More on the testing bit of this thread when I have the time to write it all out... might be a bit, as there's no real quick & easy way to get into it all.


----------



## Fillet-brazed (Jan 13, 2004)

DeeEight said:


> Actually its not subtraction, its DIVISION.
> 
> You divide the distance of pivot to pad, into the distance of pivot to cable fixing point.
> 
> God, don't they teach basic physics of levers anymore in school ?!?


No, you have to subtract to get the actual length of the leverage arm. And yes, its been a while since any school took place here.....


----------



## DeeEight (Jan 13, 2004)

Fillet-brazed said:


> No, you have to subtract to get the actual length of the leverage arm. And yes, its been a while since any school took place here.....


No you don't have to subtract. Not with U-brakes lever arms or powercam brake lever arms and not with canti brake lever arms either if you know lever theory correctly (and it appears at this time, that you do not).


----------



## flyingsuperpetis (Jan 16, 2004)

*But I'm sure he's a swell guy.*



DeeEight said:


> Fisher had the Procaliber is oversized prestige steel, the supercaliber in oversized aluminium, and the CR-7 with a front end that was aluminium and a back end of prestige steel.
> 
> ALL in the same model year, using sales and consumers as R&D dummies. Its little wonder the company went bust and got bought out by Trek.


Yep, that's what happens when Gary tries to design a product line himself... The procaliber was originally a Ritchey (later taiwanesified), the CR-7 was a Mantis xcr copy (taiwanesified), and the SuperCaliber (which I have one of), was pretty much the standard OS alum frame everyone was having made in [you gessed it] at the time. All Fisher really had to do was make sure marketing didn't blow the budget, and accounting funnelled the money into the right places. Couldn't even do that right, almost lost the whole works twice, finally did lose it completely, and after some time, got EXTREMELY lucky and was picked up on the cheap. I could go on...

Mostly, I only care enough to wonder who built his Klunker...

flame away...


----------



## flyingsuperpetis (Jan 16, 2004)

*add/divide*

Ah, you guys are talking about two different things. You're both right within your own arguments.


----------



## DeeEight (Jan 13, 2004)

MBA a few years ago, posted a picture from I think it was the 1974 or 75 US Cyclocross championships in california, and there was two groups of riders. On one side there was 
tom ritchey, joe breeze, and gary fisher, ALL on cyclocross bikes. And they were looking back at these other riders all on klunkers with multi-gears, canti brakes and fat tires. 

So its pretty safe to say that Tom, joe and Gary DIDN''T invent mountain bikes in any way, shape, or form.


----------



## Fillet-brazed (Jan 13, 2004)

Heres a direct quote from you above: "Also since the U-brake arms are longer than cantilever arms, more leverage and more power."

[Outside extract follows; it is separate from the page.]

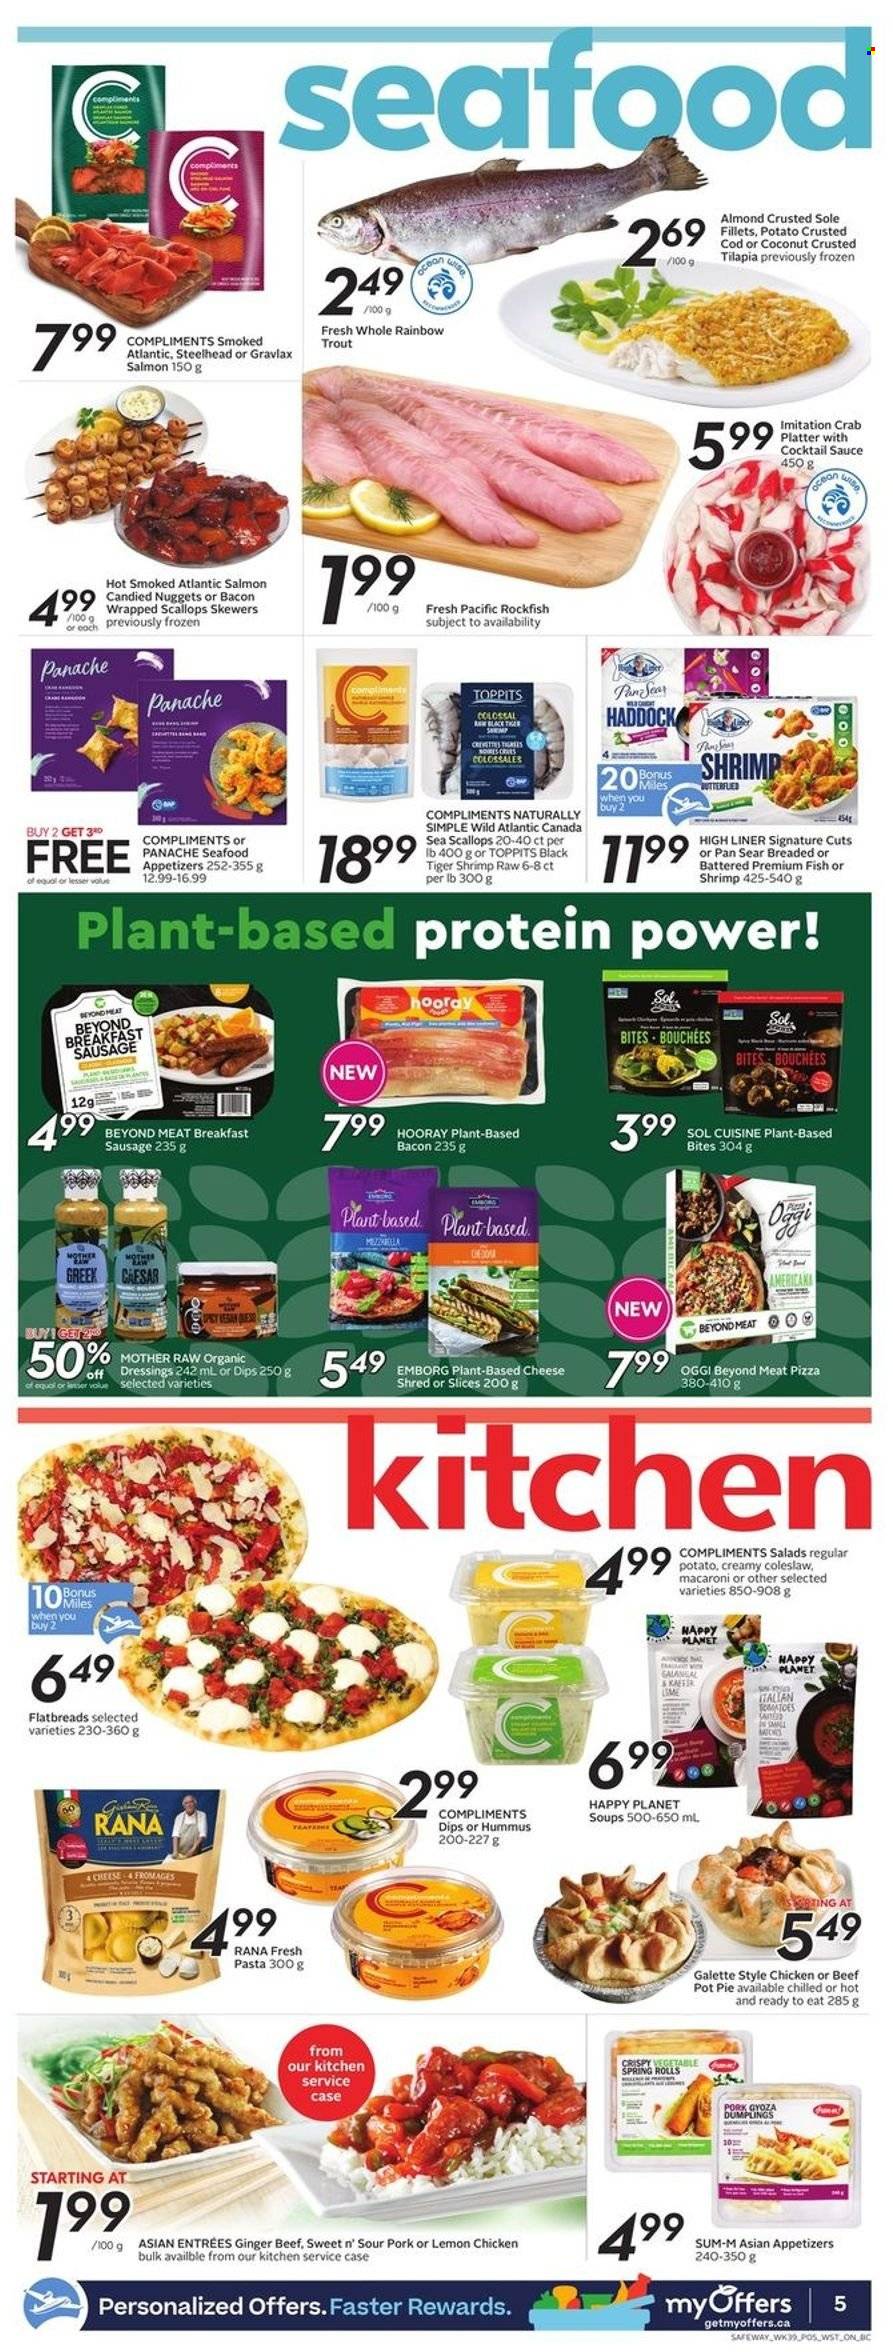 thumbnail - Safeway Flyer - January 20, 2022 - January 26, 2022 - Sales products - pie, pot pie, ginger, bacon wrapped scallops, cod, rockfish, salmon, scallops, tilapia, trout, haddock, seafood, crab, fish, shrimps, coleslaw, pizza, macaroni, nuggets, sauce, dumplings, spring rolls, Rana, bacon, sausage, hummus, cocktail sauce, Sol, nappies, pot. Page 6.

You have to subtract. Im not talking about the theory of leverage. Im just talking about the length of the leverage arm, like you brought up and we were discussing. To get the effective/actual length you have to subtract it. 

Yes, to find the leverage ratio you would divide the aforemention X by Y. 

Just the leverage arm. Thats all I was getting at.....

Why dont you calculate the leverage ratio for us?


----------



## Fillet-brazed (Jan 13, 2004)

flyingsuperpetis said:


> Ah, you guys are talking about two different things. You're both right within your own arguments.


LOL. Im glad someone saw it!!!!!!!!!!!! Funny stuff indeed.


----------



## Fillet-brazed (Jan 13, 2004)

DeeEight said:


> MBA a few years ago, posted a picture from I think it was the 1974 or 75 US Cyclocross championships in california, and there was two groups of riders. On one side there was
> tom ritchey, joe breeze, and gary fisher, ALL on cyclocross bikes. And they were looking back at these other riders all on klunkers with multi-gears, canti brakes and fat tires.
> 
> So its pretty safe to say that Tom, joe and Gary DIDN''T invent mountain bikes in any way, shape, or form.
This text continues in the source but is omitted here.